I've been counting galaxies for quite a few years now, as the scientific consensus on how many of them there are keeps expanding. Only two to three years ago, the official estimate was that there are about 100 billion galaxies in the universe. Then a new Hubble image revealed more galaxies than we expected, bumping the estimate up to somewhere between 100 billion and a trillion. Remember, that's galaxies we're talking about, not stars. Now the estimate has been bumped up again --- to two trillion galaxies.



As we know, our galaxy has 300 billion stars in it or so, and our neighbour, Andromeda, with which a merger is planned in about 5 billion years, has 600 billion stars. One of the new factors in this estimate is that there are going to be relatively more galaxies with only, say, a billion stars in them. On the other side, some are also far larger than Andromeda... an elliptical galaxy can hold 100 trillion stars (making it 300 times larger than our galaxy).

So, if you multiply the number of galaxies times the average number of stars in a galaxy, you certainly get a really big number. One generally accepted rule is that the average galaxy may hold 100 billion stars (only 1/3 the size of our galaxy). Then, if you multiply 2 trillion times 100 billion, you get roughly 200 sextillion, which is 2 followed by 23 zeroes.



Now the most interesting question in my view is whether there is life in the universe. We now believe that almost all stars have planets, and let's be conservative, and give them 5 planets each. That yields 1 septillion planets, or 1 followed by 24 zeroes. Our planet happens to have life on it... and we haven't ruled out that some planetary moons, asteroids and comets --- of which there are many --- may also support life. So let's multiply the number of planets times 10, to get 10 septillion bodies that could possibly support life (that is 1 followed by 25 zeroes).

In summary, all we really know is that there are a lot of places where life could possibly exist. We do rule out galactic centres. Not only are they crowded, but they are filled with dense radiation that almost certainly will make life impossible. Also, supernovas emit massive amounts of radiation, sufficient to eliminate life on nearby planets or moons, so you have to factor that in (our planet is at risk from Betelgeuse, which is familiar to us as Orion's right shoulder).

So you mostly have to consider the galactic suburbs to identify areas that could support life, and areas of lower stellar density are probably going to be friendlier... which tells us that moons or planets supporting life may not be that close to each other. Still, bottom line, everything we're learning about the universe tells us that we're very unlikely to be alone... It's just that we're also very unlikely to be near to other stars that also support life!
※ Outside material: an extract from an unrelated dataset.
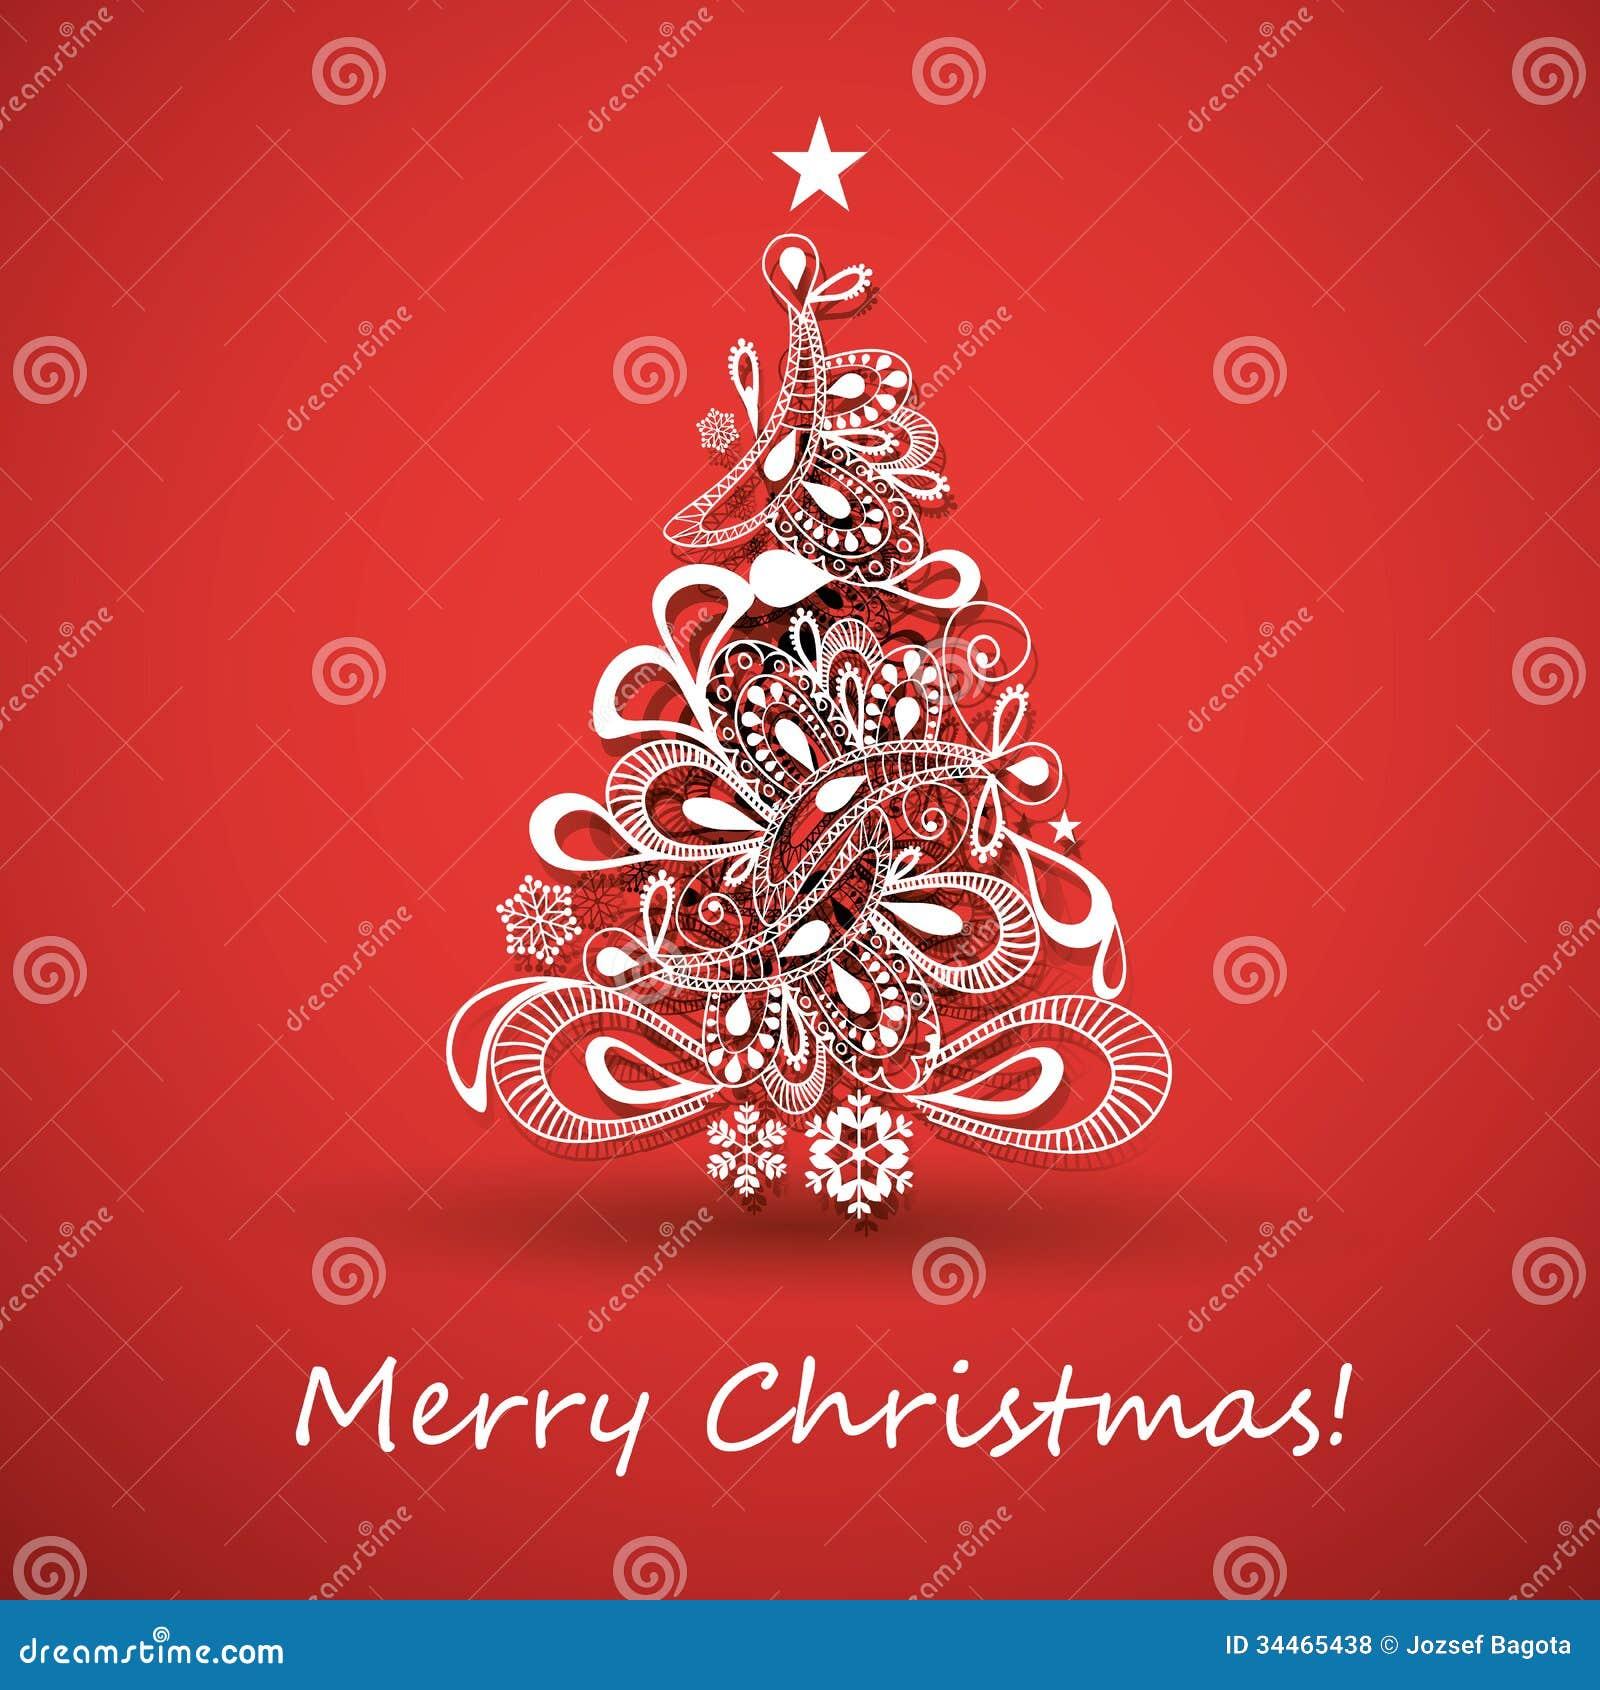 christmas greeting card royalty stock photos image 34465438 christmas greeting card

I personally favour keeping our very imperfect species alive, and that does increase the chances that we may find other life forms.
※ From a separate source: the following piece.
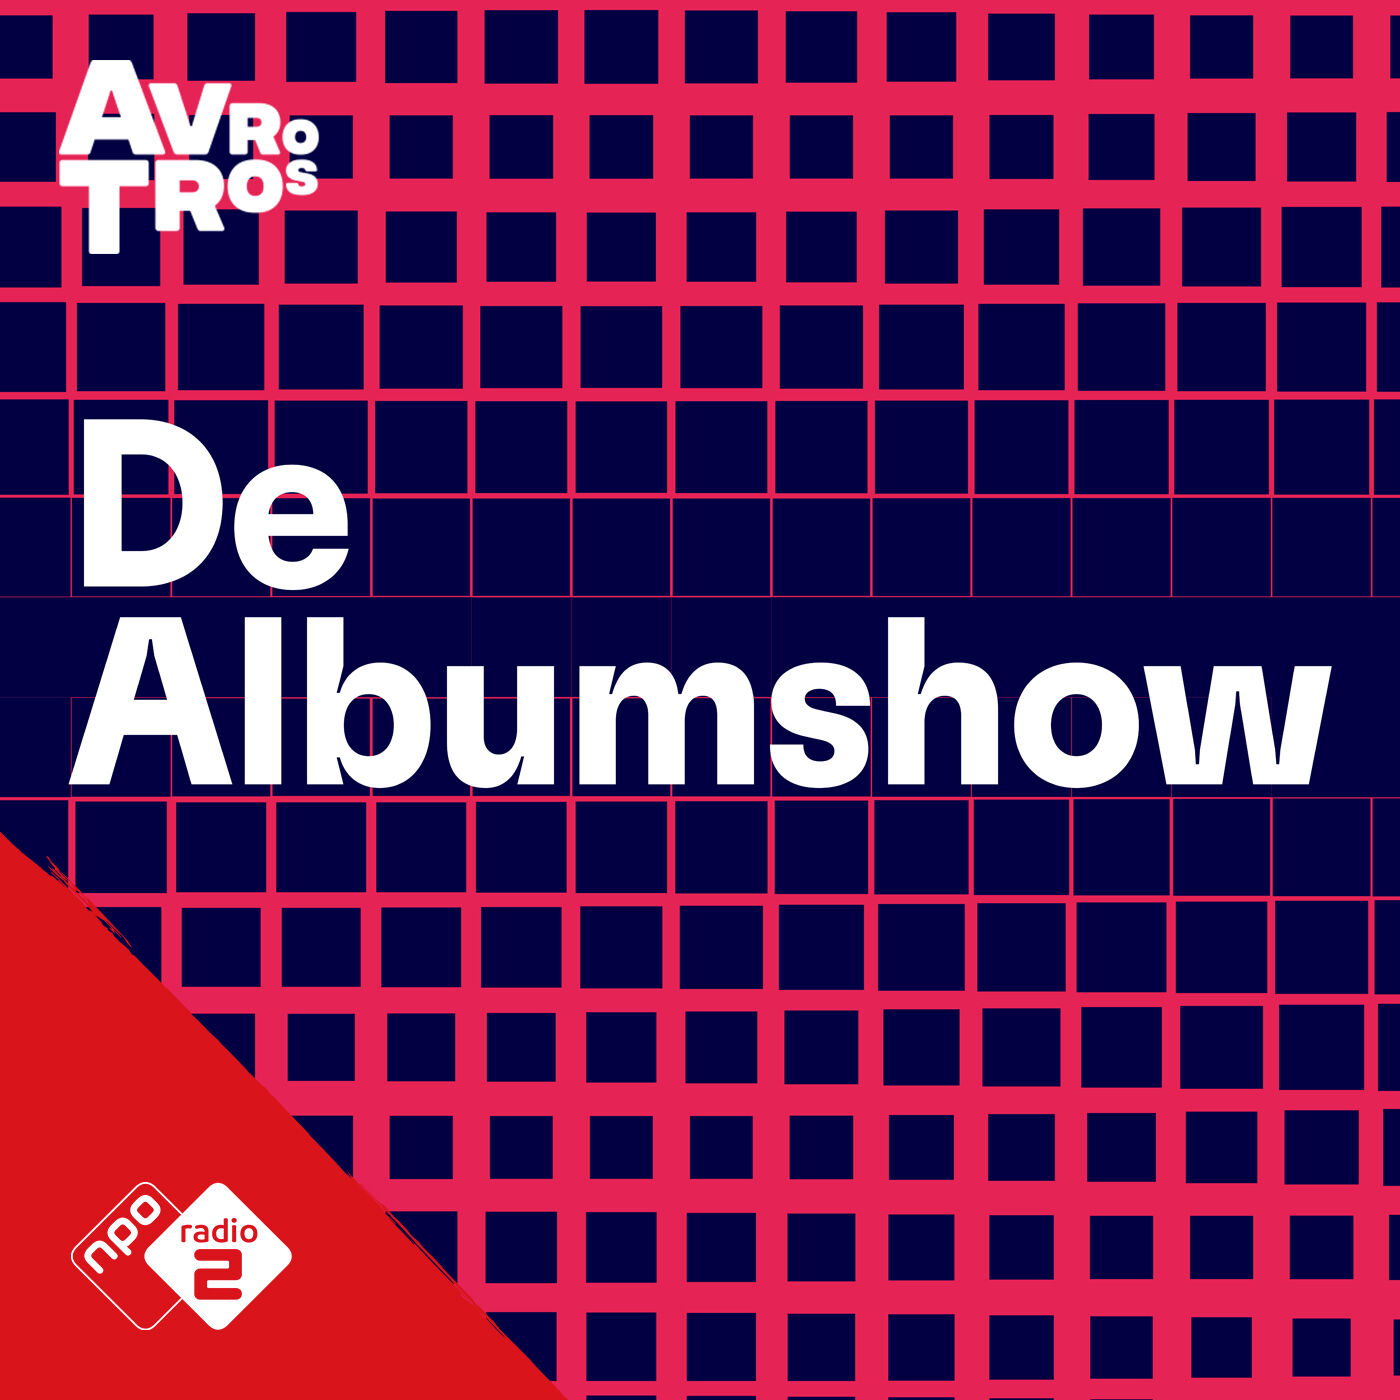 De Albumshow logo

Now there is also the question of whether the advanced life forms are friendly or not. On that question, I have no answer. We're not necessarily that friendly ourselves! However, regardless of their threat level, it's probably still to our advantage to find them first. Once that has happened, we'll most likely have at least several millennia, and very likely a few million years, to figure out what to do about it!



As an aside, the classic text, Intelligent Life in the Universeby Carl Sagan and I. S. Shklovskii, remains the authoritative reference on the topic of life in the universe, despite its seeing its 50th anniversary of publication (1966) this year! (Thanks to Dr. Jon Culbertson for providing a tutorial in this text at New College of Florida in 1969).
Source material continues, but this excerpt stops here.